Командир подает в развернутом виде удостоверение личности. Батюшки-светы, новенькое-новенькое, никем невладанное, а по дате старое, сентябрем изготовленное. Требую то же от шофера, начальник с гневом спрашивает:
– С каких пор документ фронтового командира Красной Армии стал не авторитетом для тыловых крыс?
– Предъявите документы! – кричу на водителя.
Детина смущается:
– Понимаете, шофера убило. Товарищ водитель маршрутного листа на проезд не имеет. Спешим с донесением в штаб дивизии.
Потом, помявшись, подает свою красноармейскую книжку, а она еще новее. По форме, как моя, но не родня, моя истертая, со следами грязных пальцев.
– Порядок, – говорю.
Обращаюсь к шоферу:
– Предъявите вашу красноармейскую книжку.

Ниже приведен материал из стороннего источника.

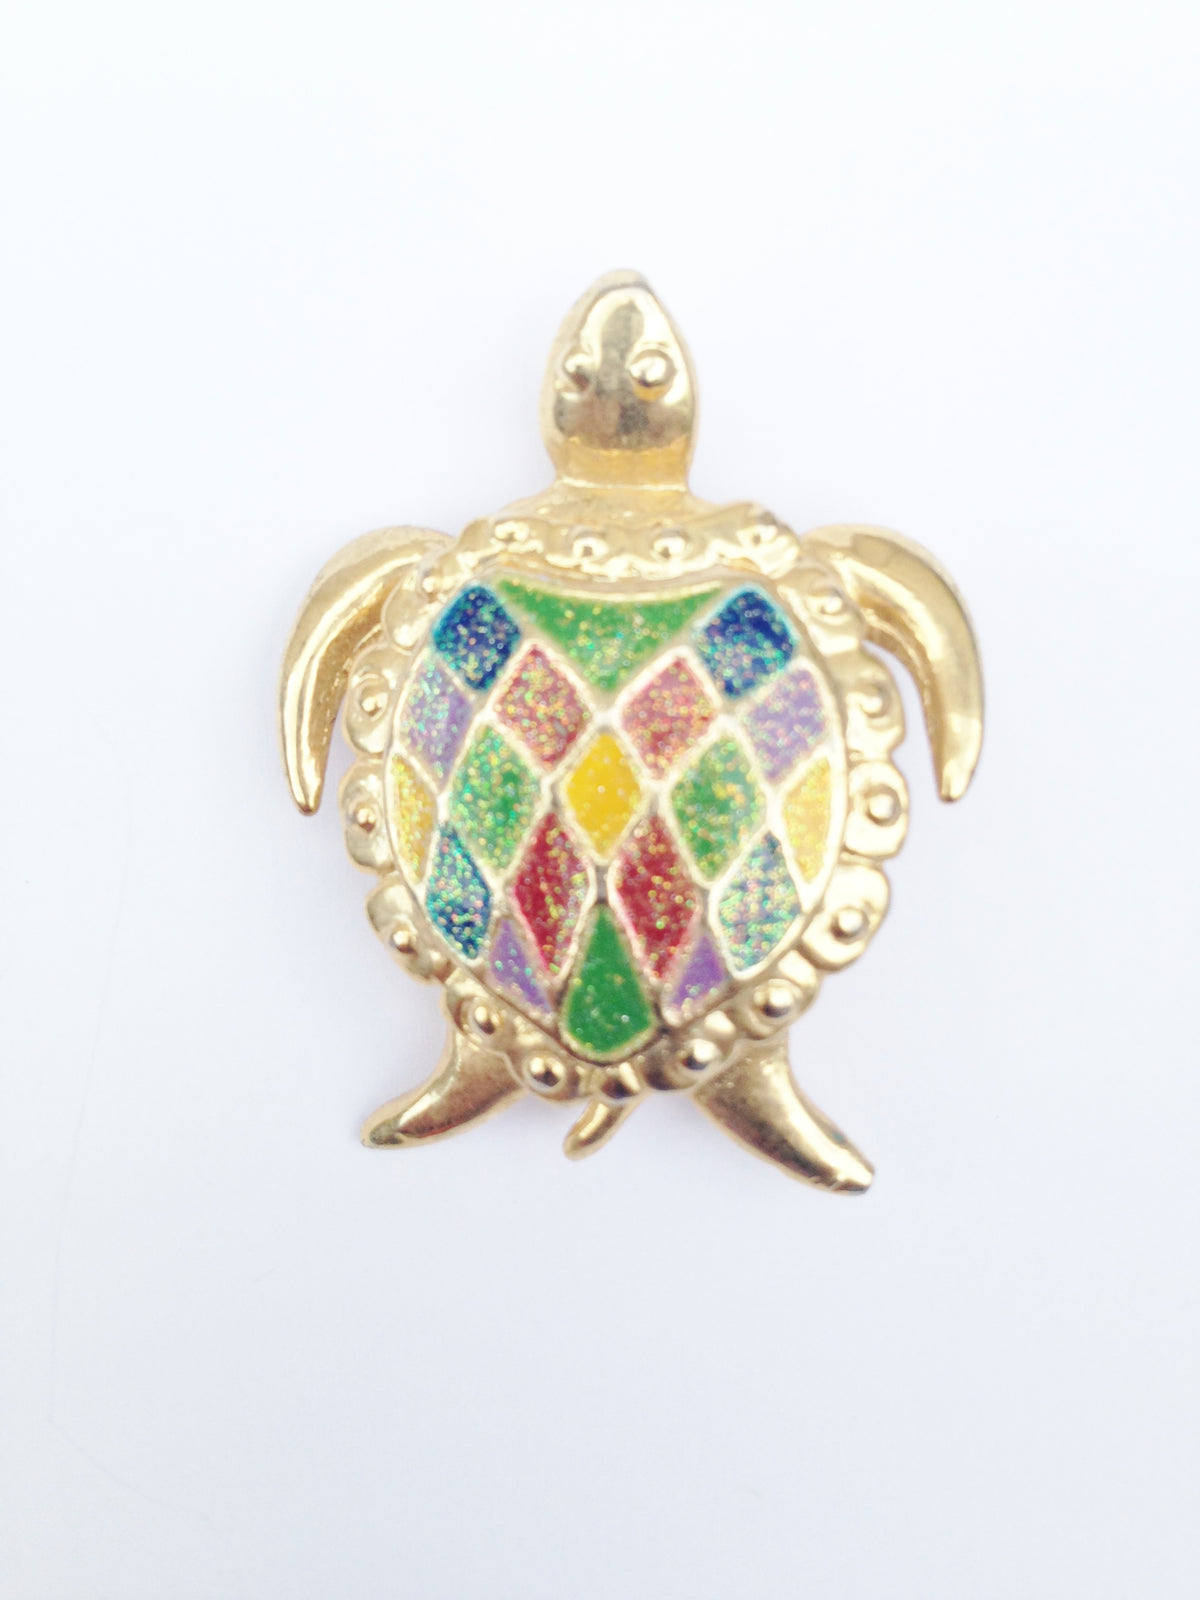 Gold Toned Multi Colored Shell Turtle Brooch Pin www.hersandhistreasures.com

Водитель вытаращил зенки, закопошился, пытаясь достать удостоверение из внутреннего кармана, его снова одергивают. Чтобы выиграть время, опять обращаюсь к заднему, но командир кричит:
– Это мои люди, вы ответите, я накажу.
Ну, думаю, нарвался.
– Трогай, – командует шоферу.
– Стой, стрелять буду!
– Поехали, – зло, с надрывом приказывает командир.
– Стой, – кричу, и бабах! Стреляю в воздух рядом с головой водителя. Бросаюсь вперед, наперерез машине, в готовности остановить. Подействовало, автомобиль заглох. Из землянки выскочили и бегут красноармейцы, грамотно: один по дорожке, двое по снежной целине, четвертый занял позицию готовности к открытию огня. Командир выхватил ТТ, приказывает:
– Прочь с дороги! Старший приказывает!
– Я здесь старший, – парирую, не спуская глаз с заднего, готовящегося к стрельбе. Поддержка подоспела вовремя, нас уже пятеро. Из тыла, как раз вовремя, появилась полуторка, в ней командир, четверо бойцов в крытом кузове. Услышав выстрел на посту, увидев, как дорожники занимают боевой порядок, на скорости мчат на подмогу.
– Помогите задержать.
Обращаясь к командиру легковушки, прибывший офицер настойчиво требует:
– Предъявите, пожалуйста, документы.
Задержанный из второго кармана достает другие бумаги, проверяющий ничего подозрительного не находит. Ну, думаю, разодрался, как бык на сколизи, теперь несдобровать, нарушил армейскую субординацию. Однако прошу:
– Проверьте у этого.
Второй предъявляет другой документ, не тот, что мне показывал. Как заору:
– Да они фальшивые, мне другие показывали.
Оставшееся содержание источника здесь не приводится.